Before my head almost exploded from far too many rewrites of my latest Classic Start, I finished Zoë Heller’s excellent The Believers. Familiar in tone and even basic story to Mark Haddon’s similarly good A Spot of Bother, the novel begins with patriarch and left-wing lawyer Joel Litvinoff having a stroke in court. Rushed to the hospital, Audrey, Joel’s cranky, opinionated and almost unlikeable wife, joins her children in the vigil by his bedside. Heller uses the traumatic situation to explore the family dynamics between Joel and Audrey, their daughters Karla (married to Mike) and Rosa, and their son Lenny. Each suffering from their own particular brand of unhappiness, the novel pulls the family apart like stringy cheese before she melts them all back again for the final scenes.
Despite the fairly Ann Patchett-like twist that I felt was kind of unnecessary (and that I won’t spoil here), I can’t think of a book I enjoyed so thoroughly in the last few months. Family drama lends itself nicely to Heller’s voice and characterization. And she never shies away from conflict or uncomfortable situations in her novels, the kind of Sunday afternoon family dinners that can be so painful yet necessary are dissected with her clinical eye for weakness and exploited for their dramatic values throughout this novel.
Of the interwoven stories, I enjoyed Karla’s the most — a social worker dedicated to helping others and pleasing her union-boss husband (he wants to have kids; they’re trying; then perhaps adopting) — she begins an awkward, unlikely affair with the owner of the newspaper stand in the hospital where she works.
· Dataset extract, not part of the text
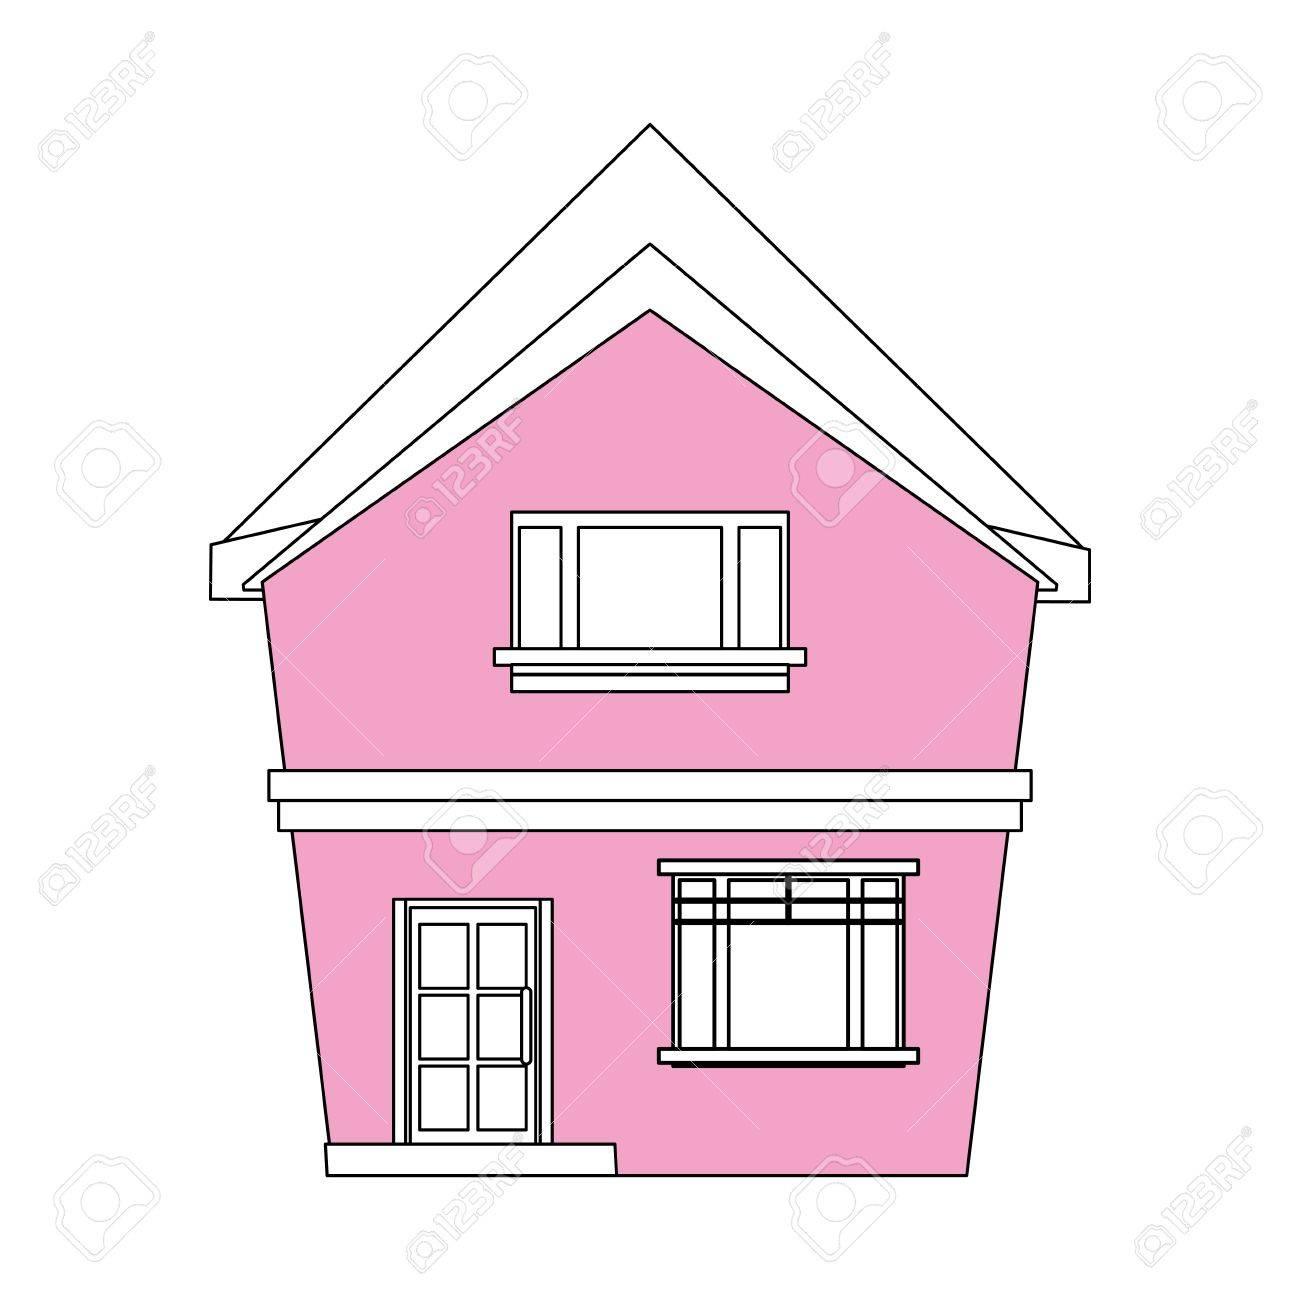 House Cartoon Color Image Logo   colorimage.website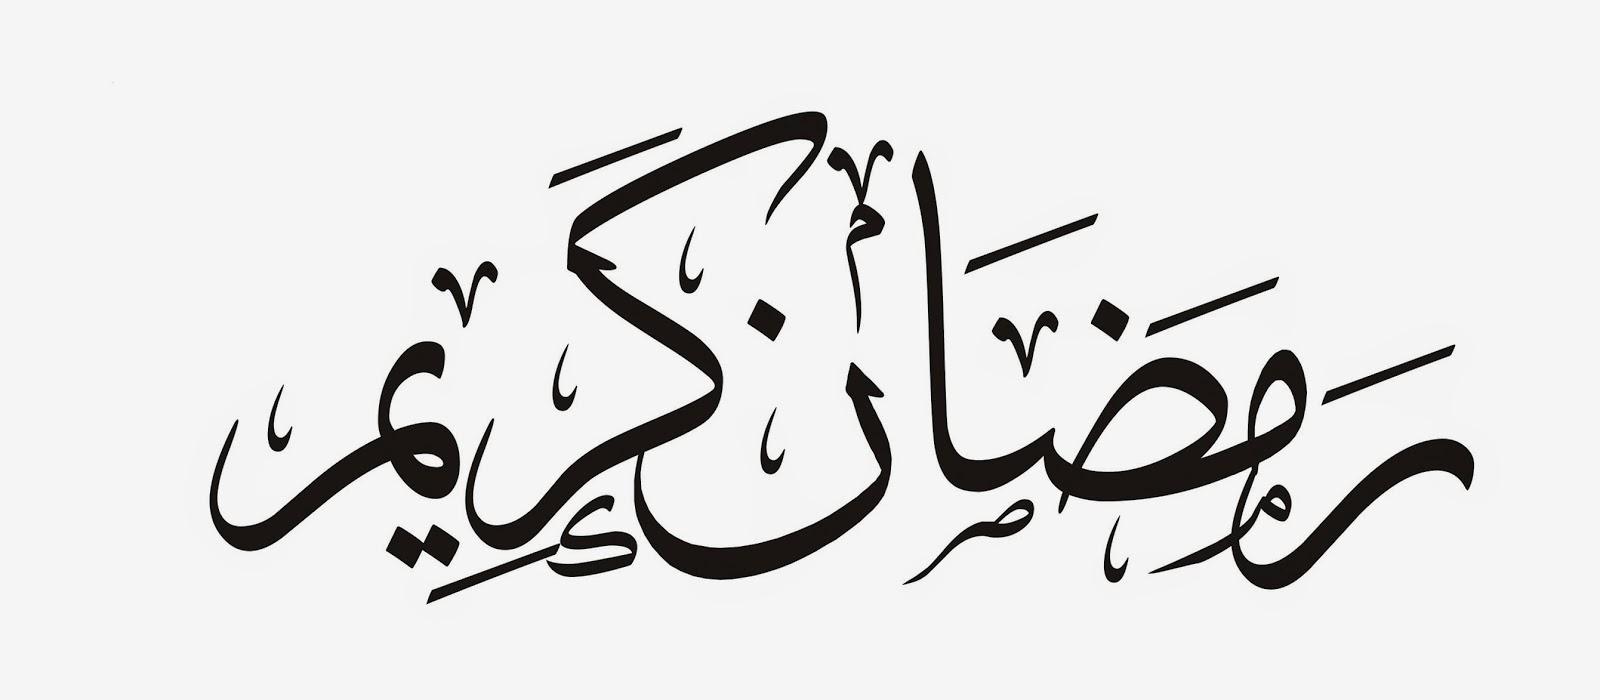 Ramadan HD PNG - 116697

The love affair with Khaled proves a catalyst for Karla to change her life and her evolution was the most satisfying. Not that Audrey’s acerbic, sharp-tongued personality wasn’t engaging, but it wasn’t until the novel explored how she came to love her troubled (drug addicted) son Lenny that she truly felt human to me. The opening parts of the book did a little to set up that side of her, but it was Heller’s unwavering honesty about Audrey’s maternal limitations that finally brought her into full colour. Rosa and Lenny (the former exploring religion; the latter tumbling back into his heroin habit) also had their time in the narrative sun but, by the end, I just felt Karla’s story was the most satisfying.
Annnywaay, small criticism for a book that does just what a literary novel should: create characters that challenge their environment, that evolve throughout the pages, that highlight the particular human problems that modern, Western families face today. A deep-seeded unhappiness guards their every move, despite their apparent affection for both each other (even if that’s hard to get at) and for their dying father. He’s larger than life, and they’re all just trying to escape from his high-afternoon shadow. And regardless of their particular beliefs, whether personal, political, religious or simply philosophical, not a single member of the Litvinoff family survives unscathed from Joel’s illness, and nor they should.